Millions of people have a dormant herpes virus inside them from being unintentionally infected by family members kissing them as a young child on the lips.

Fortunately less than 1% of those people will ever have an episode of general herpes, and then less than 1% of those will suffer from epithelial keratitis.

Over the years the disease has become more frequently diagnosed and it’s thought that the increased acceptance and wearing of contact lenses is postulated to contribute.  In thirty years of practice I (Dr Jim Kokkinakis) have consulted with thousands and thousands of patients wearing contact lenses.  Of all the cases of epithelial keratitis that I have seen, to date I cannot remember seeing one case that has coincided with contact lens wear.  Even though this could be just a sheer coincidence it is unlikely that contact lenses a definte trigger for herpes keratitis.

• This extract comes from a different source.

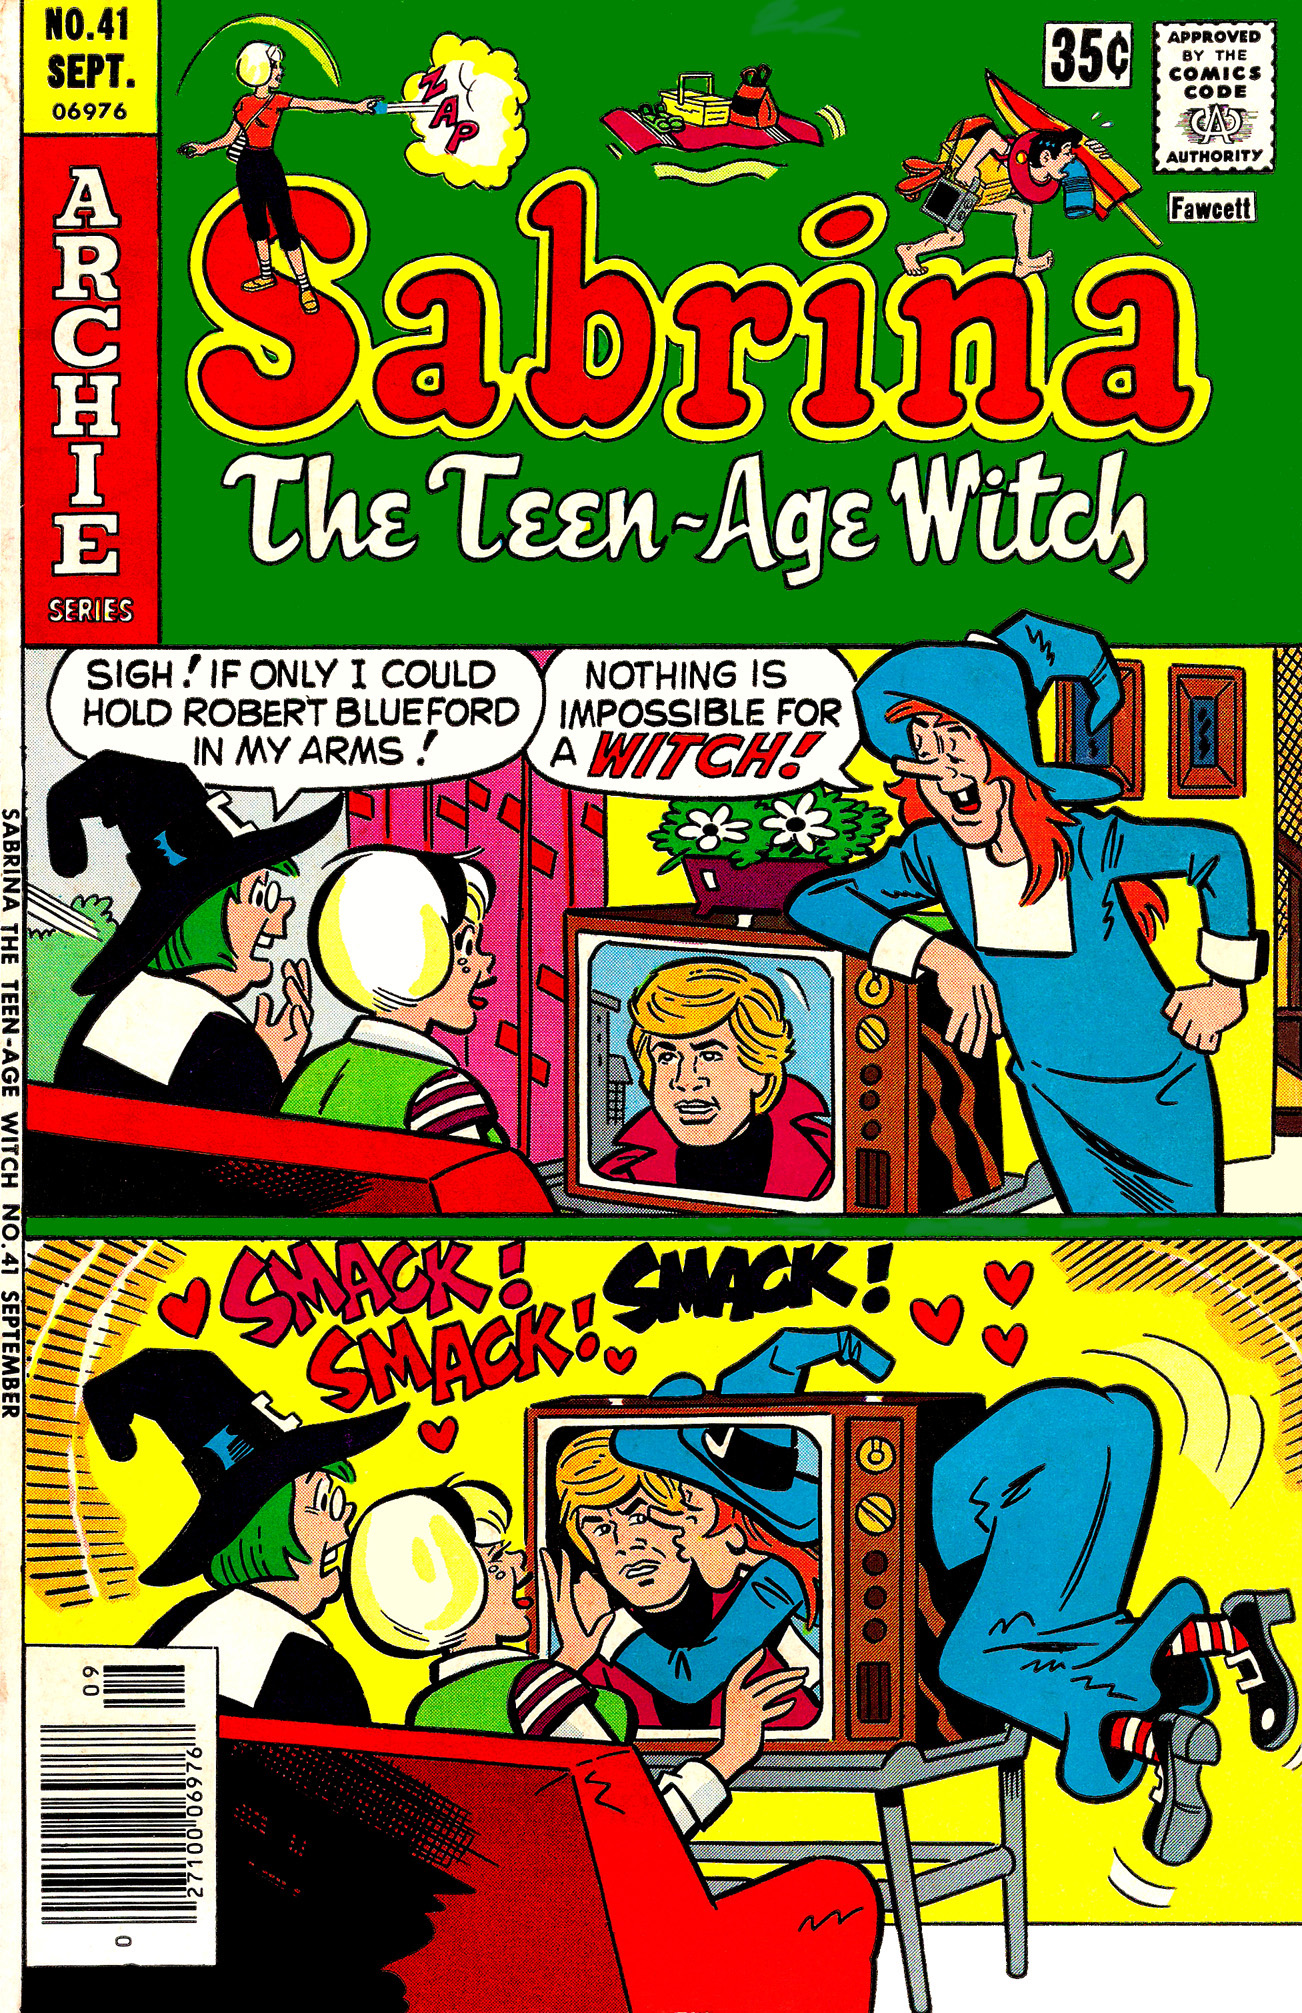 Sabrina The Teenage Witch (1971) Issue #41 #41 - English 1

As mentioned earlier, care is needed in accurately identifying the particular epithelial keratitis as treatment is specific.

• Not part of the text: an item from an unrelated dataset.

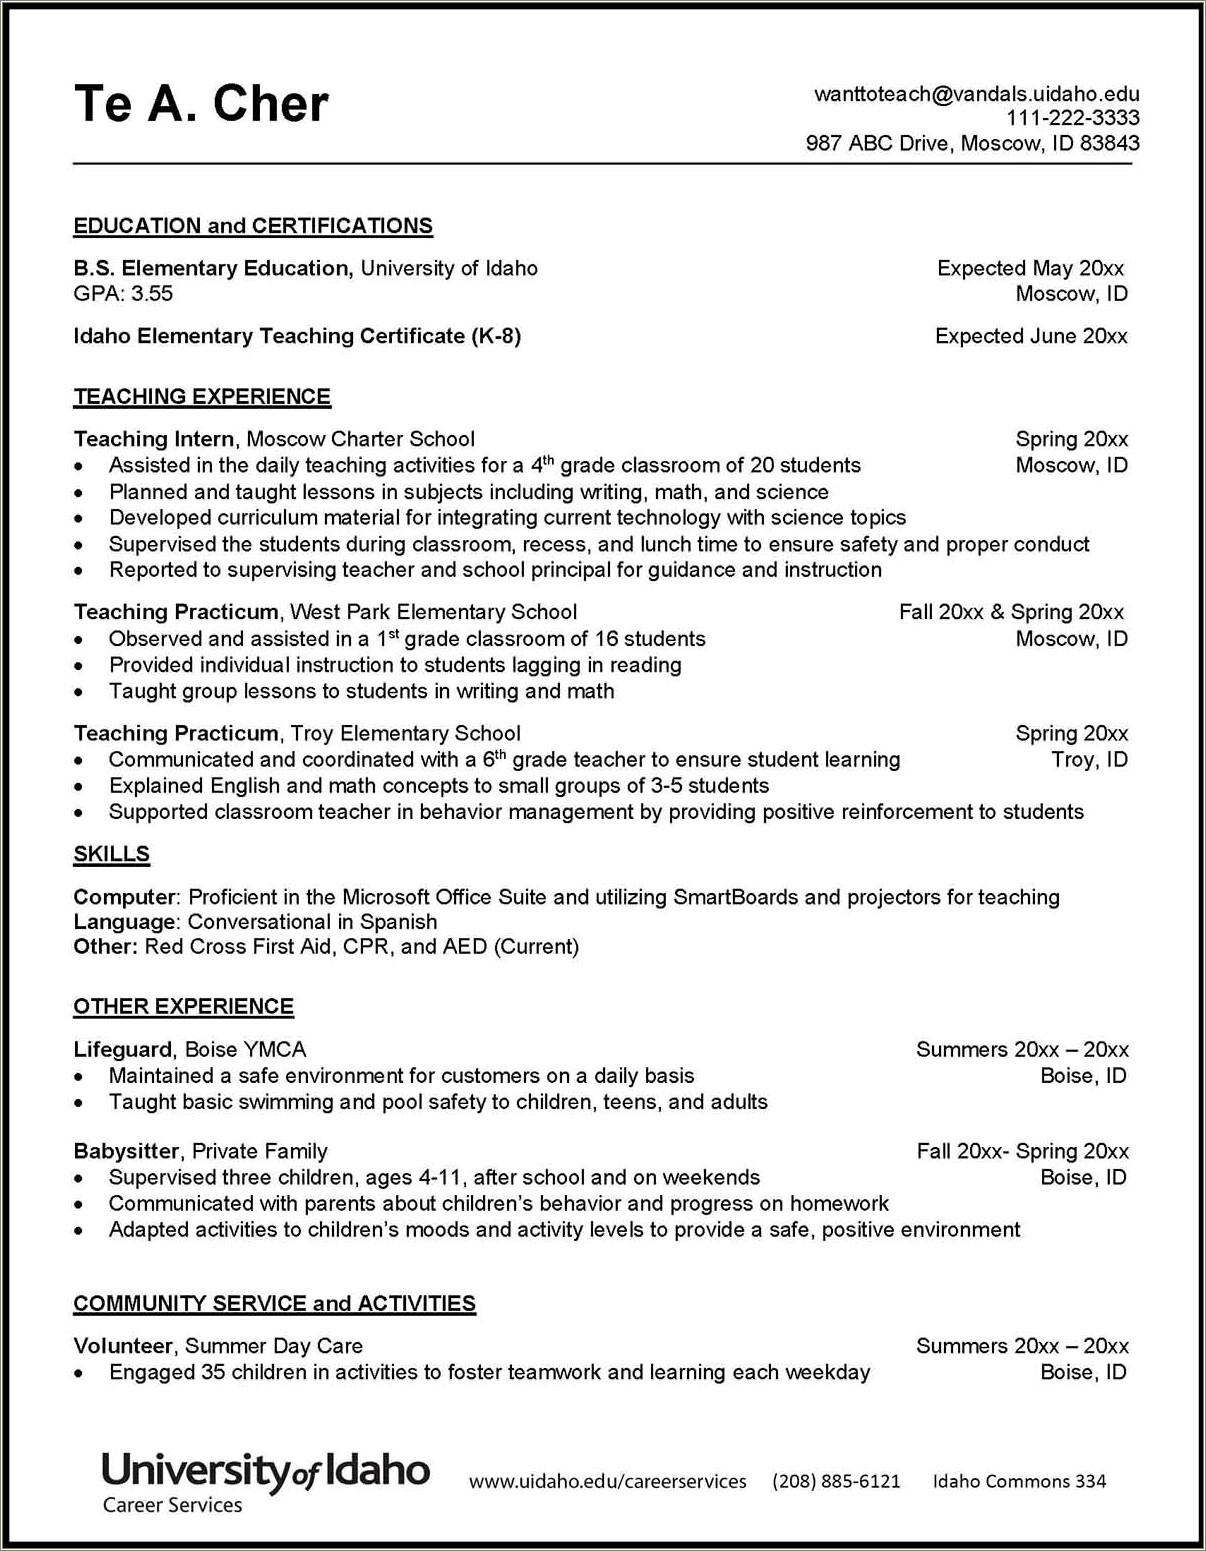 Printable Resume Objective For A Adult Education

An antiviral topical ointment (Zovirax) or alternatively eye drops should be applied – not to eradicate the virus entirely but to slow its growth until nature takes its course and the infection clears up – a sound way to do things!

It’s important then that the full course of treatment is followed – many eye-care specialists complain that patients do not do this, thinking that their condition has cleared up when this is simply not the case.

The ultimate objective of any treatment is to prevent any long term damage that may occur in the cornea.  Recurrent cases are particularly dangerous to a favourable long term outcome.  In these cases oral Acyclovir or related oral antiviral called Famvir are prescribed ongoing as a prophylactic to recurrence.



  1. Bett 25 December 2013 at 9:21 am - Reply

    In April 2013, my 14 year old daughter was diagnosed with keratitis. After treatment (pred forte) she continued to suffer from keratitis and it has become a chronic condition. It is now 8 months since her initial diagnosis and the opthalmologist has now told us that the condition, which initially was considered post viral keratitis has now changed, and has become herpetic. She is now being treated with both zovirax and pred forte. Her keratitis has been constant since April, and weaning off and eventually stopping pred forte has only given a 5 day period before symptoms start again – hence we feel it’s a never ending battle, especially now with more severe symptoms and the keratitis becoming herpetic. Any suggestions please? I’m becoming extremely concerned.